Data excerpts
Start of Block

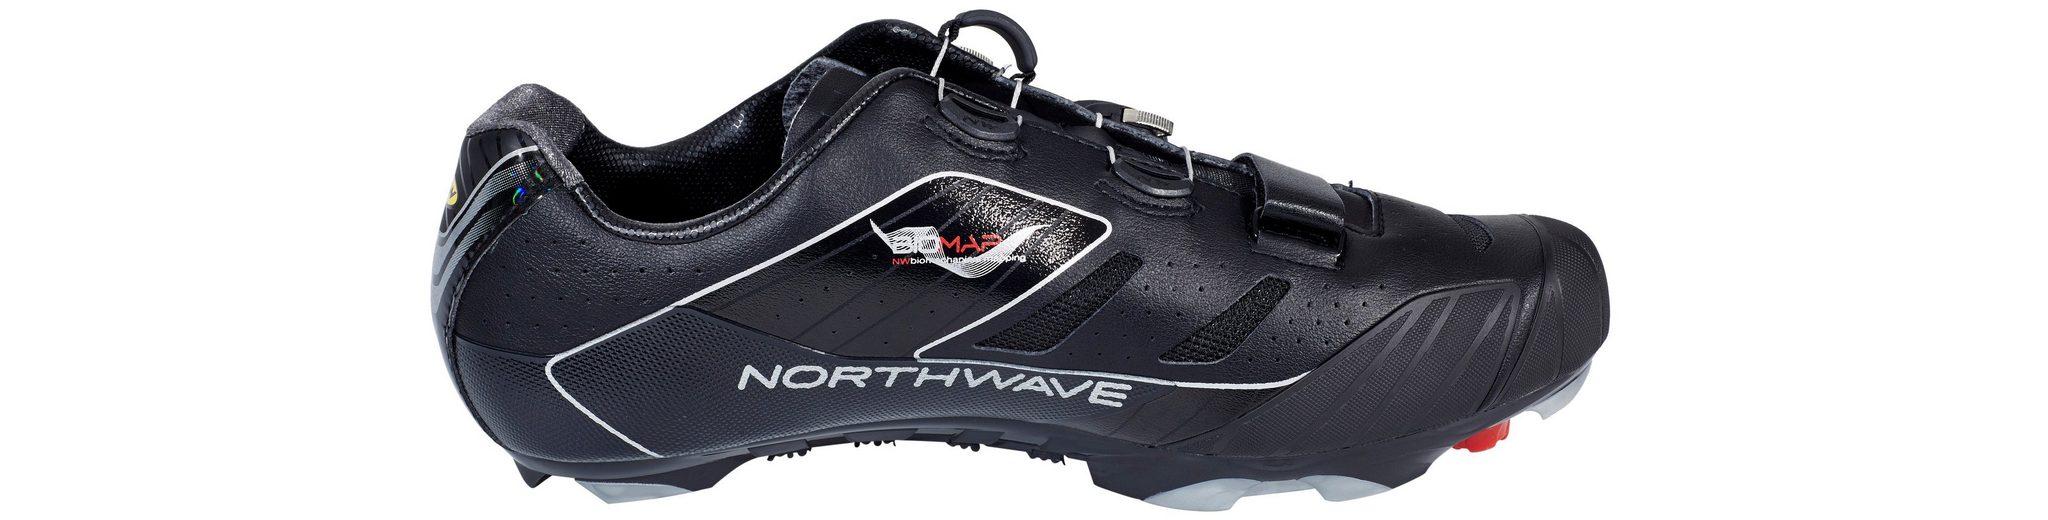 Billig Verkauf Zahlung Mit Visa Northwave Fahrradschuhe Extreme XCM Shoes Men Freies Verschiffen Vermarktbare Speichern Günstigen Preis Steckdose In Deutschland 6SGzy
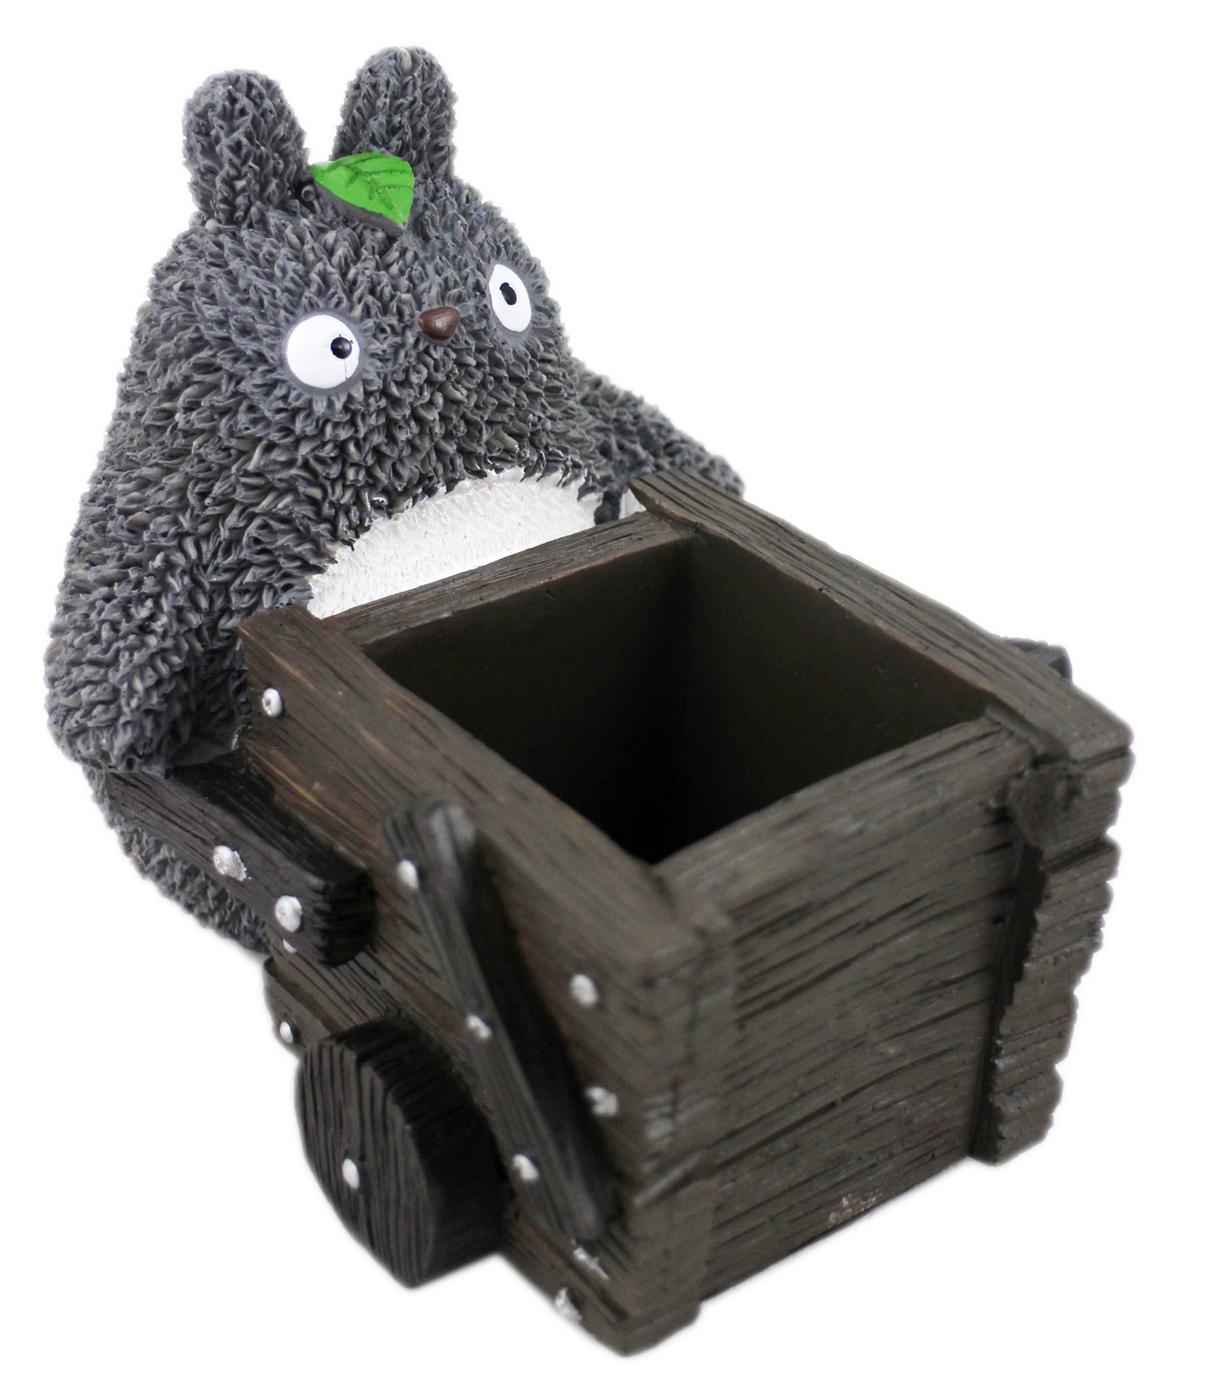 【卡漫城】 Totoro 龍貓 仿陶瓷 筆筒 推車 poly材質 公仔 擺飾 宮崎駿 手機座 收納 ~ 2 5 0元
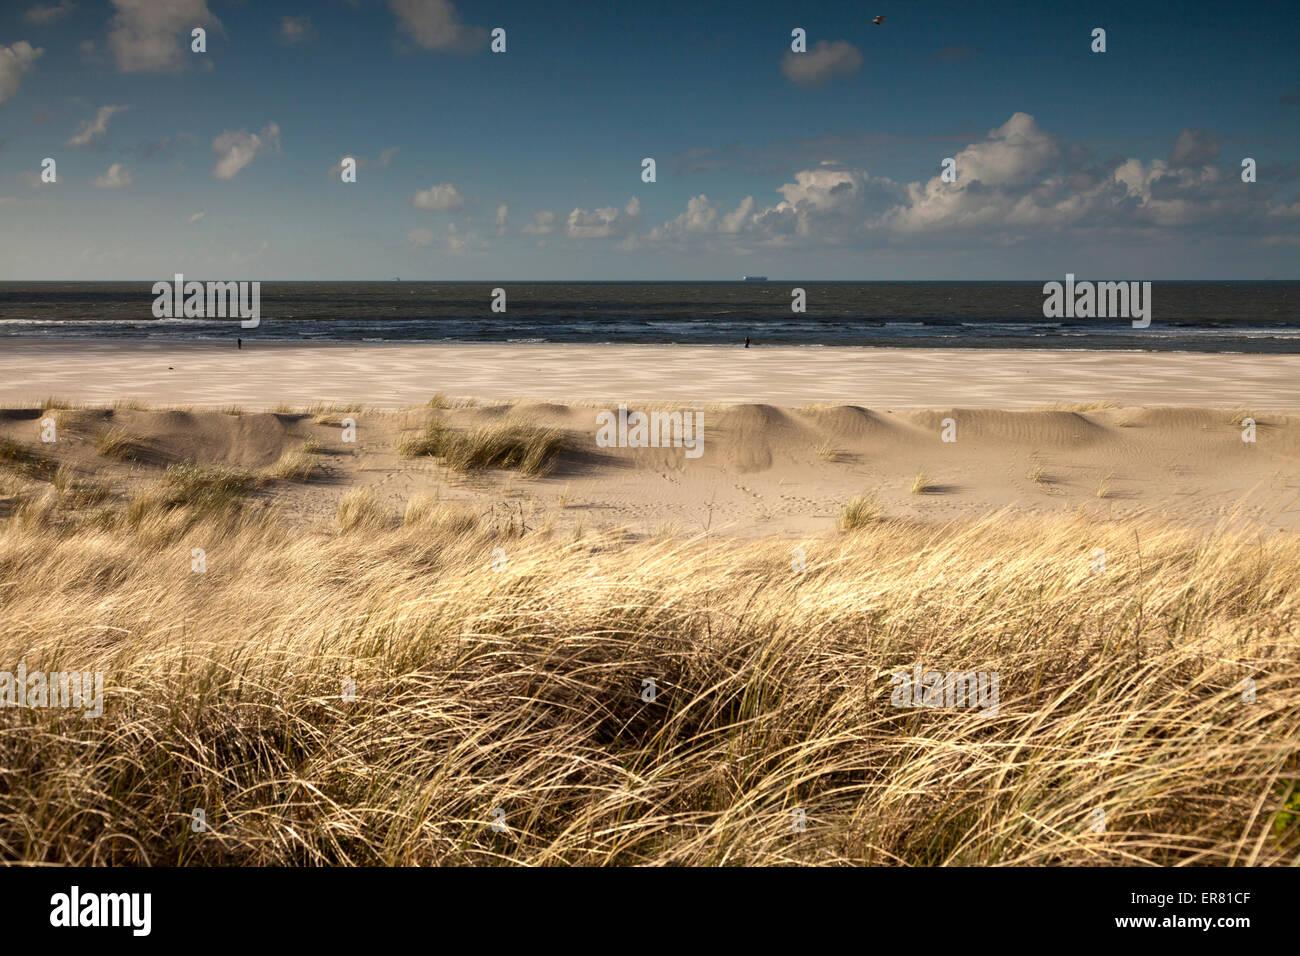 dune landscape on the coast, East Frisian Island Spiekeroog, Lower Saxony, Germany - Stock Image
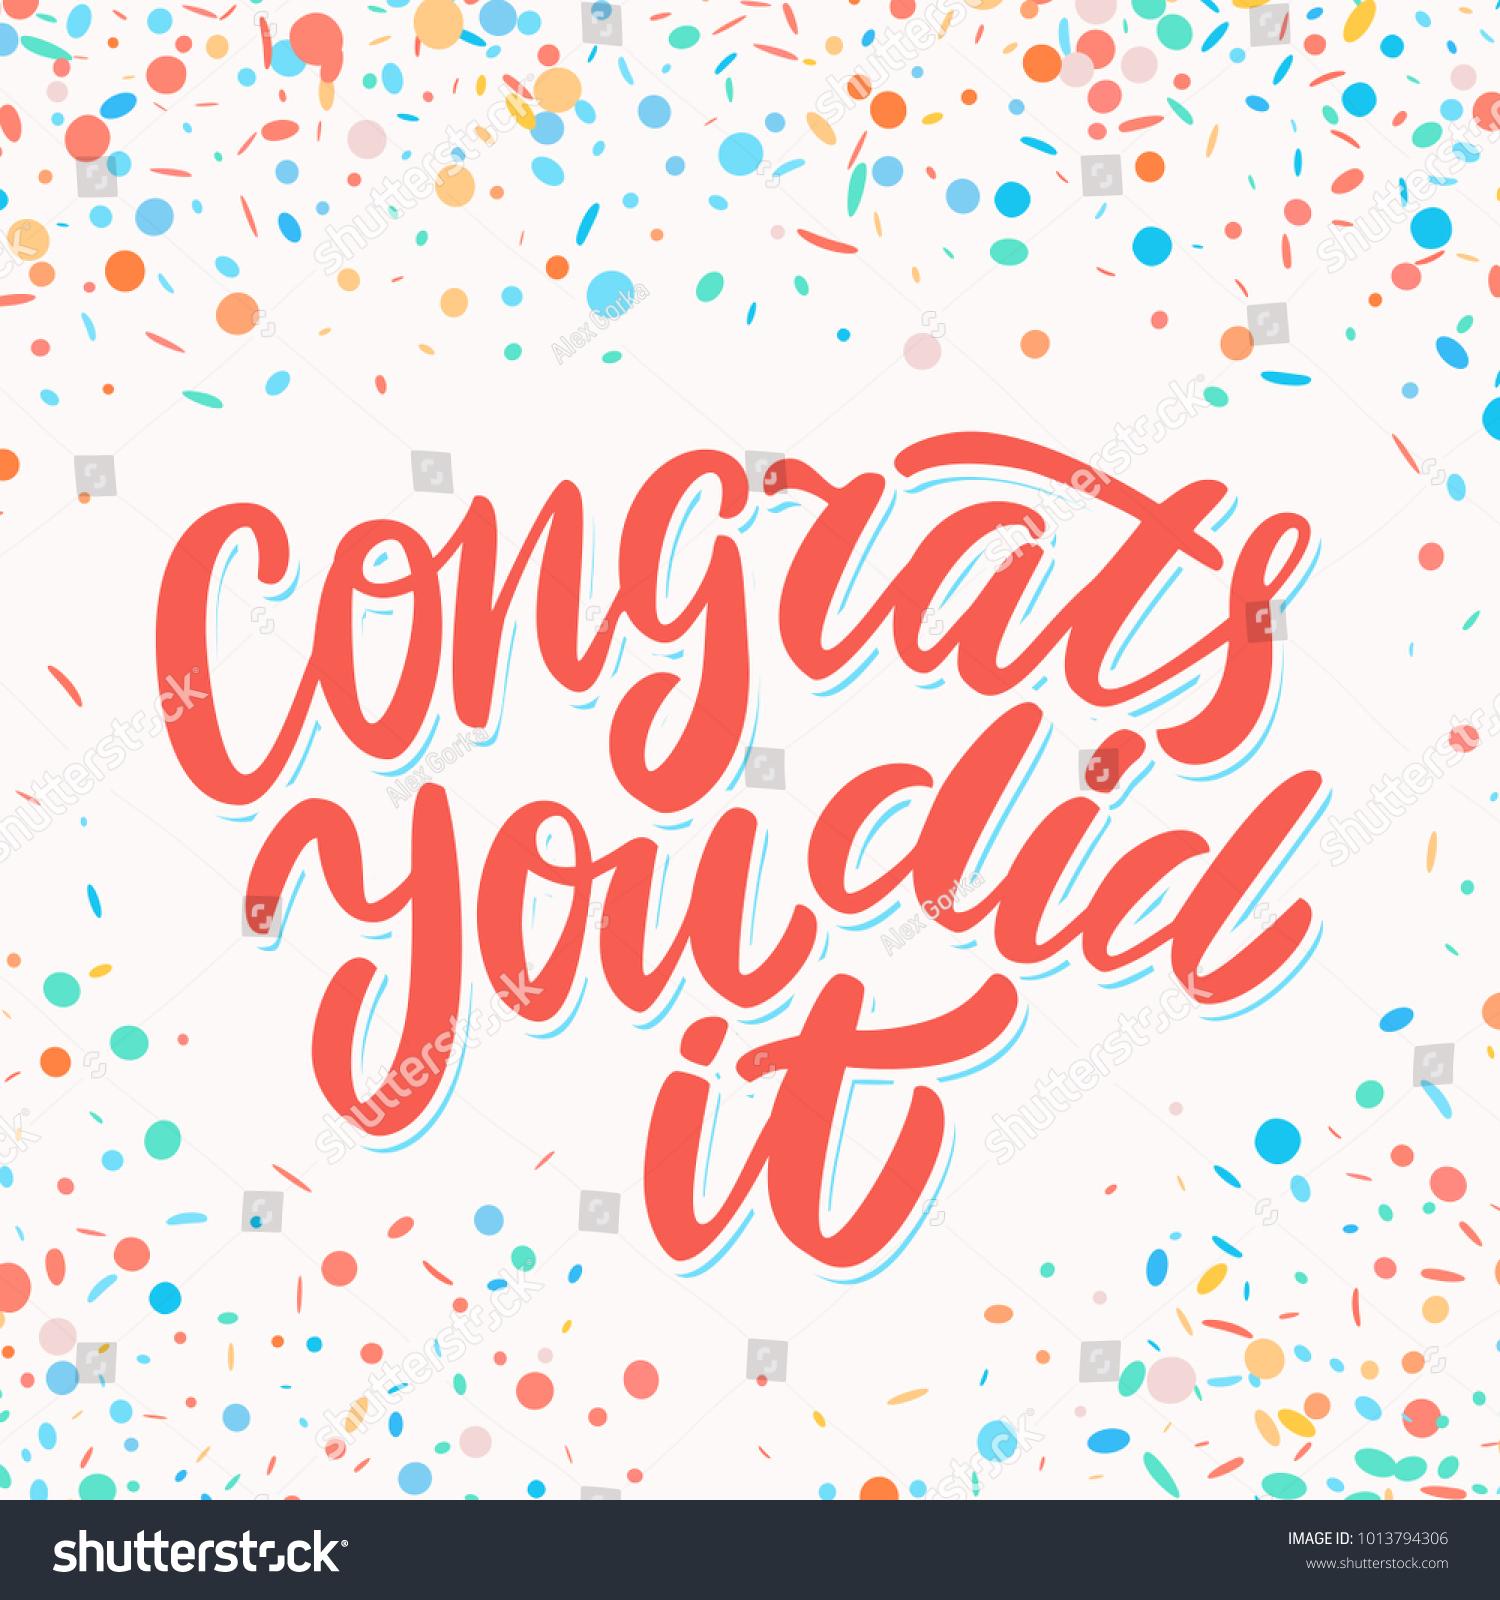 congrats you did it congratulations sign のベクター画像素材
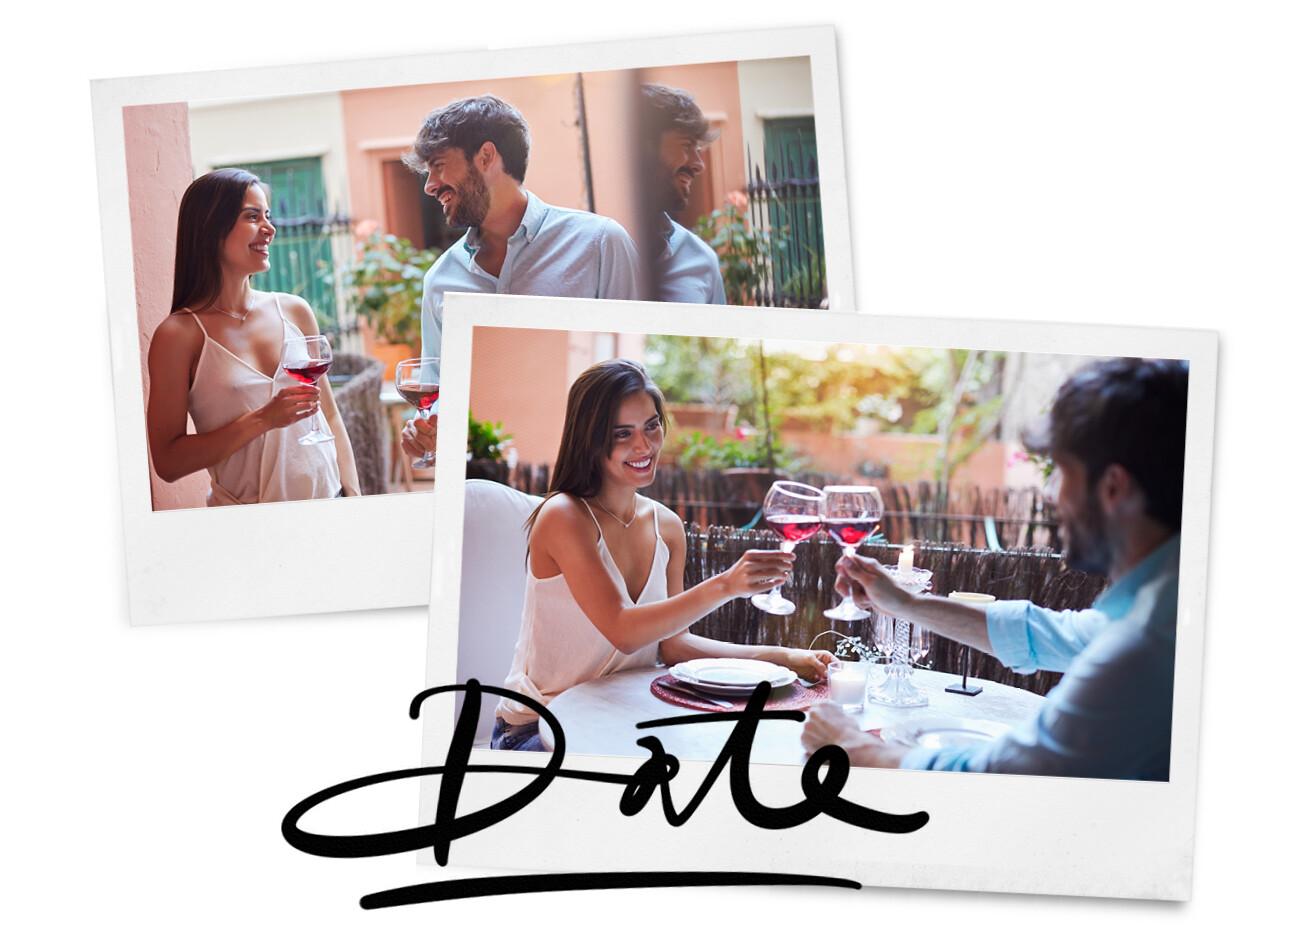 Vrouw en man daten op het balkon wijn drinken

End of Block

*What the task asks:*
This calls for an exact copy of all the entries above, with the pictures omitted.

*Result of this exercise:*
 Billig Verkauf Zahlung Mit Visa Northwave Fahrradschuhe Extreme XCM Shoes Men Freies Verschiffen Vermarktbare Speichern Günstigen Preis Steckdose In Deutschland 6SGzy
 【卡漫城】 Totoro 龍貓 仿陶瓷 筆筒 推車 poly材質 公仔 擺飾 宮崎駿 手機座 收納 ~ 2 5 0元
 dune landscape on the coast, East Frisian Island Spiekeroog, Lower Saxony, Germany - Stock Image
 congrats you did it congratulations sign のベクター画像素材
 Vrouw en man daten op het balkon wijn drinken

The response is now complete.